Print the records below exactly as they appear. Omit all pictures.
***** RECORDS TO PROCESS
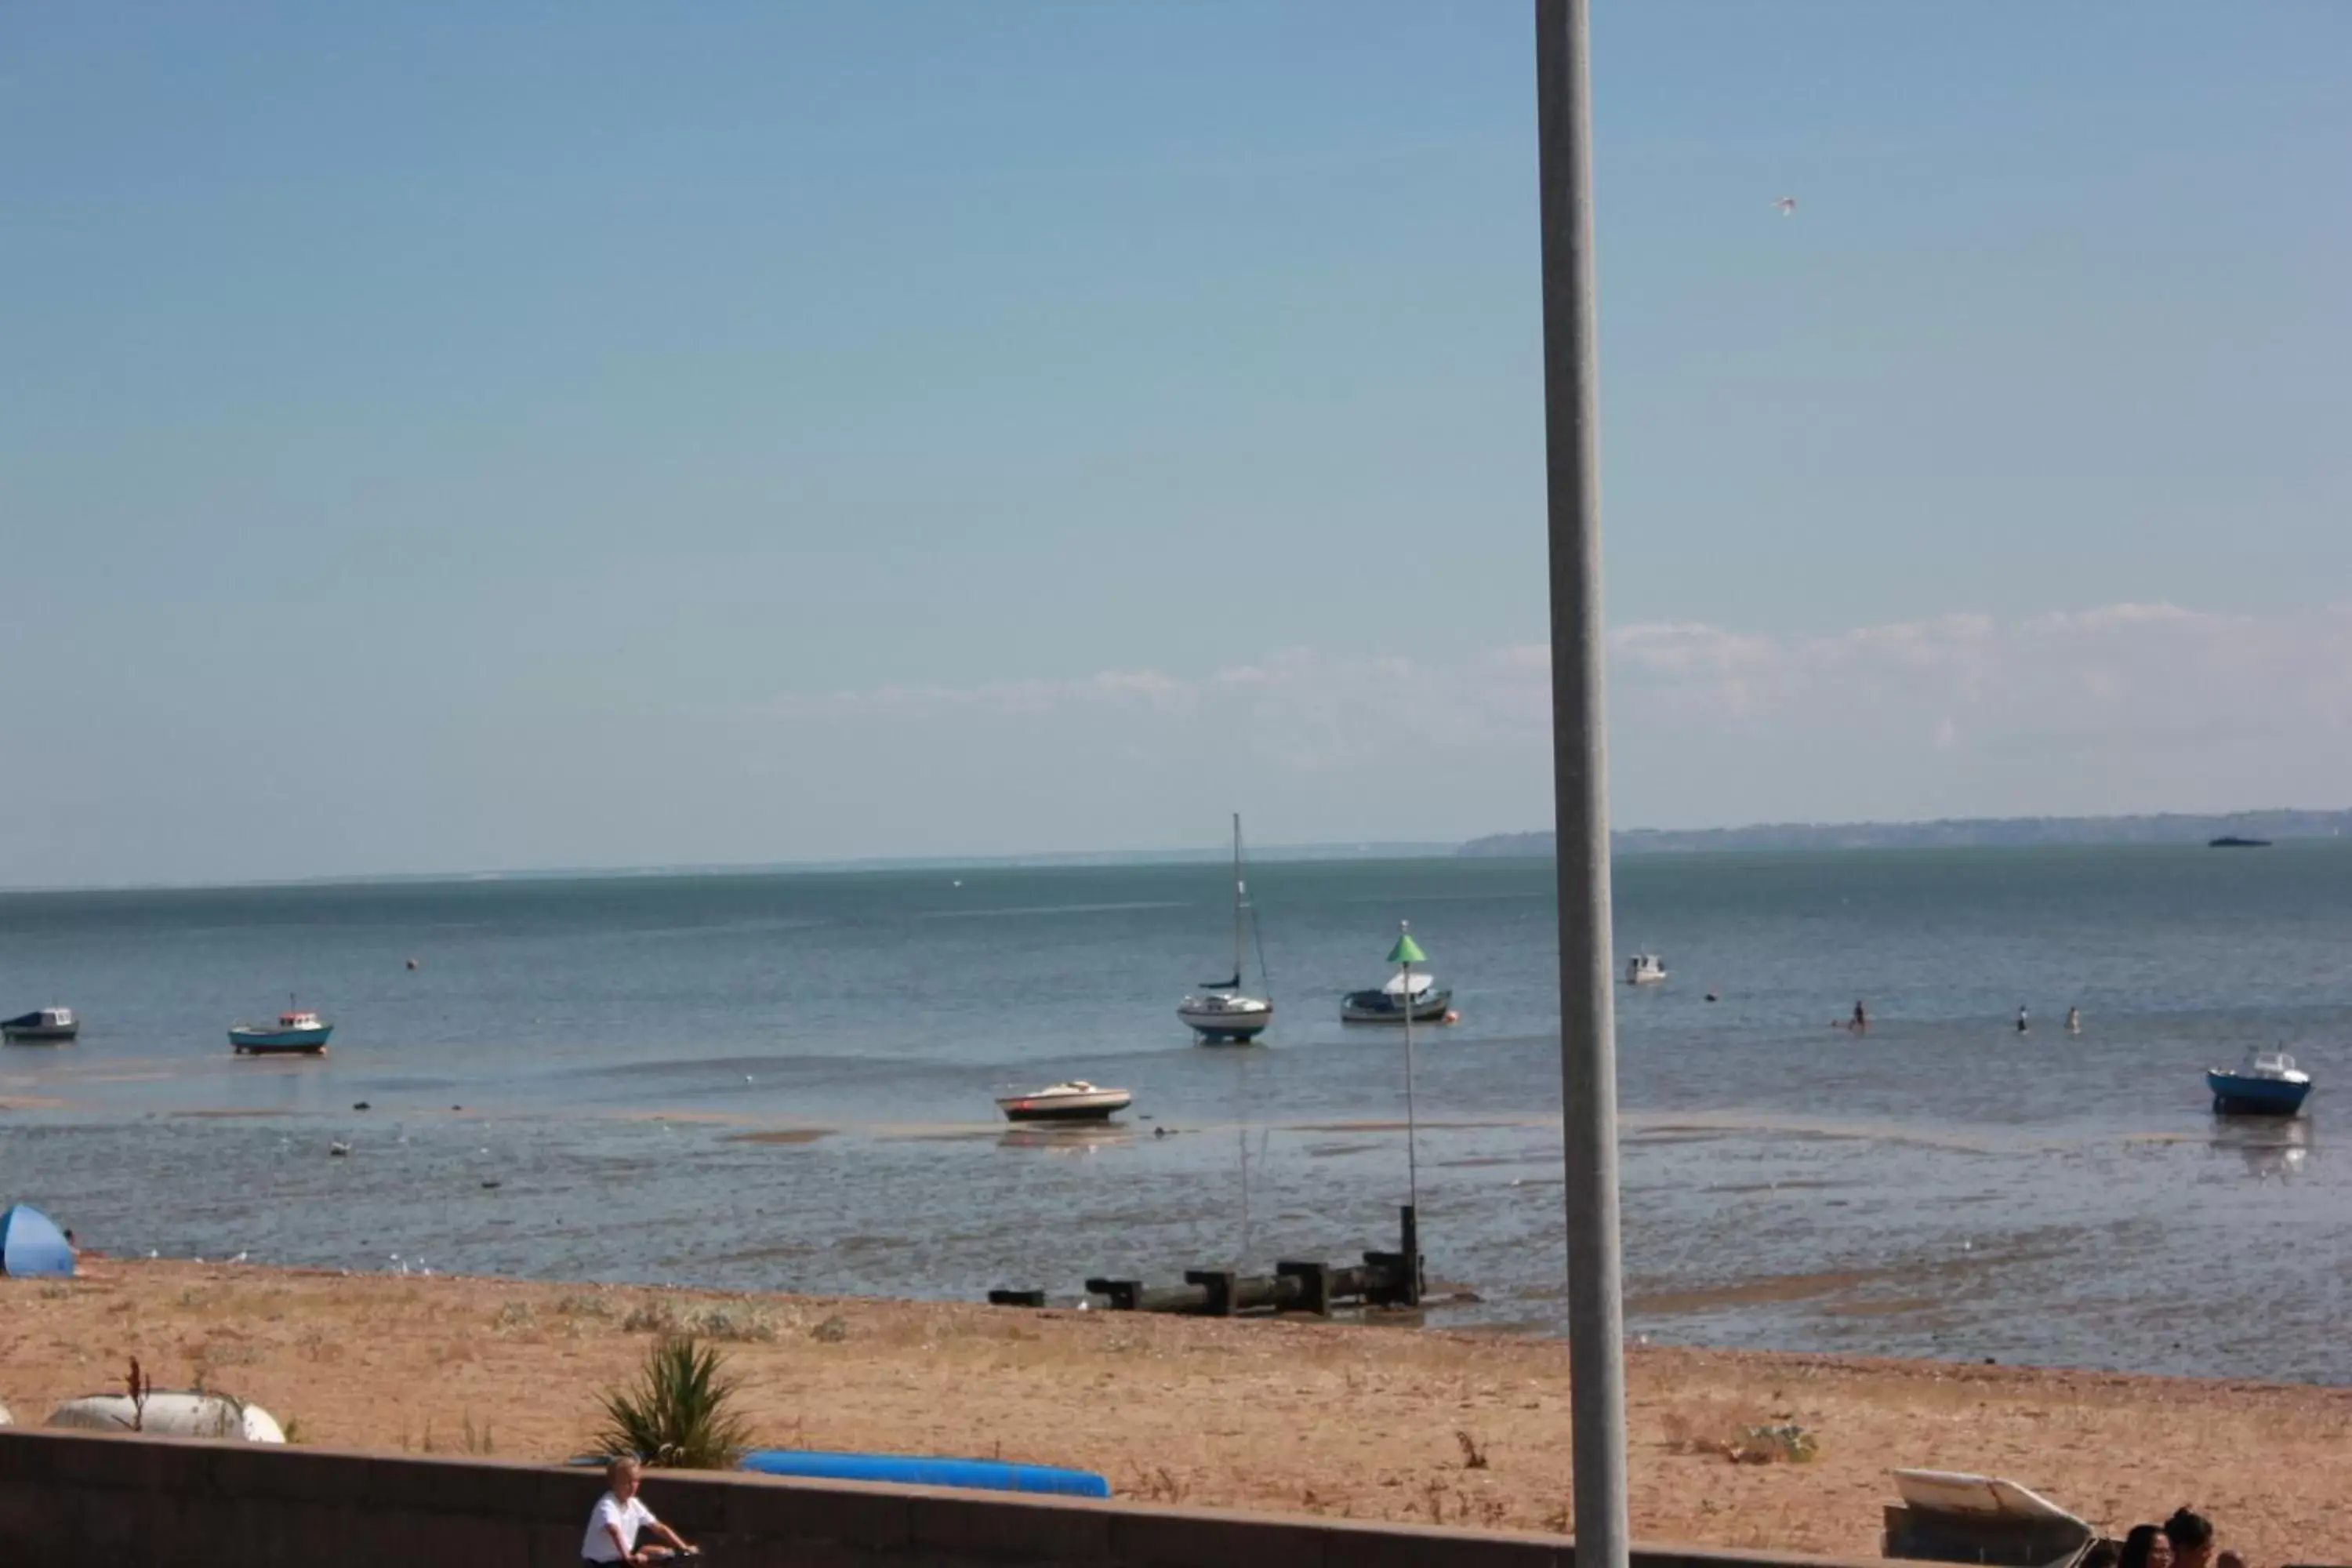 Beach in Wns Southend -on-Sea
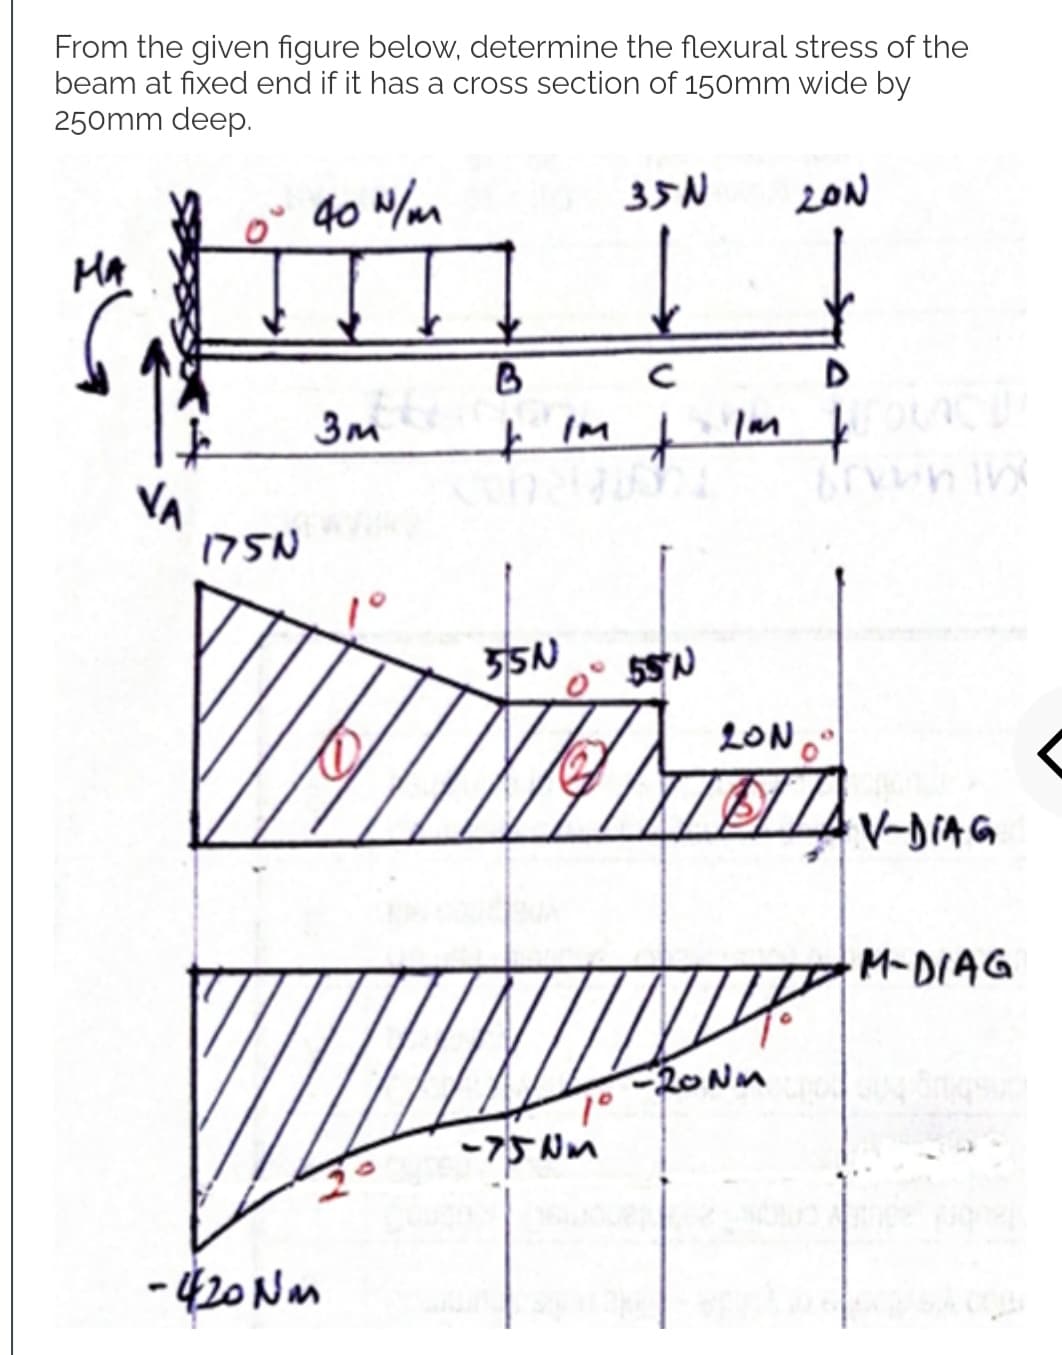 From the given figure below, determine the flexural stress of the
beam at fixed end if it has a cross section of 150mm wide by
250mm deep.
HA
VA
0
1750
40 N/m
3m
-420Nm
B
& Im
550
35 N
-75Nm
с
+
0° 55'N
20N
20N 0°
DAV-DIAG
-20Nm
M-DIAG
**********
- [COMPLETED EXERCISE]:
 Beach in Wns Southend -on-Sea
 From the given figure below, determine the flexural stress of the
beam at fixed end if it has a cross section of 150mm wide by
250mm deep.
HA
VA
0
1750
40 N/m
3m
-420Nm
B
& Im
550
35 N
-75Nm
с
+
0° 55'N
20N
20N 0°
DAV-DIAG
-20Nm
M-DIAG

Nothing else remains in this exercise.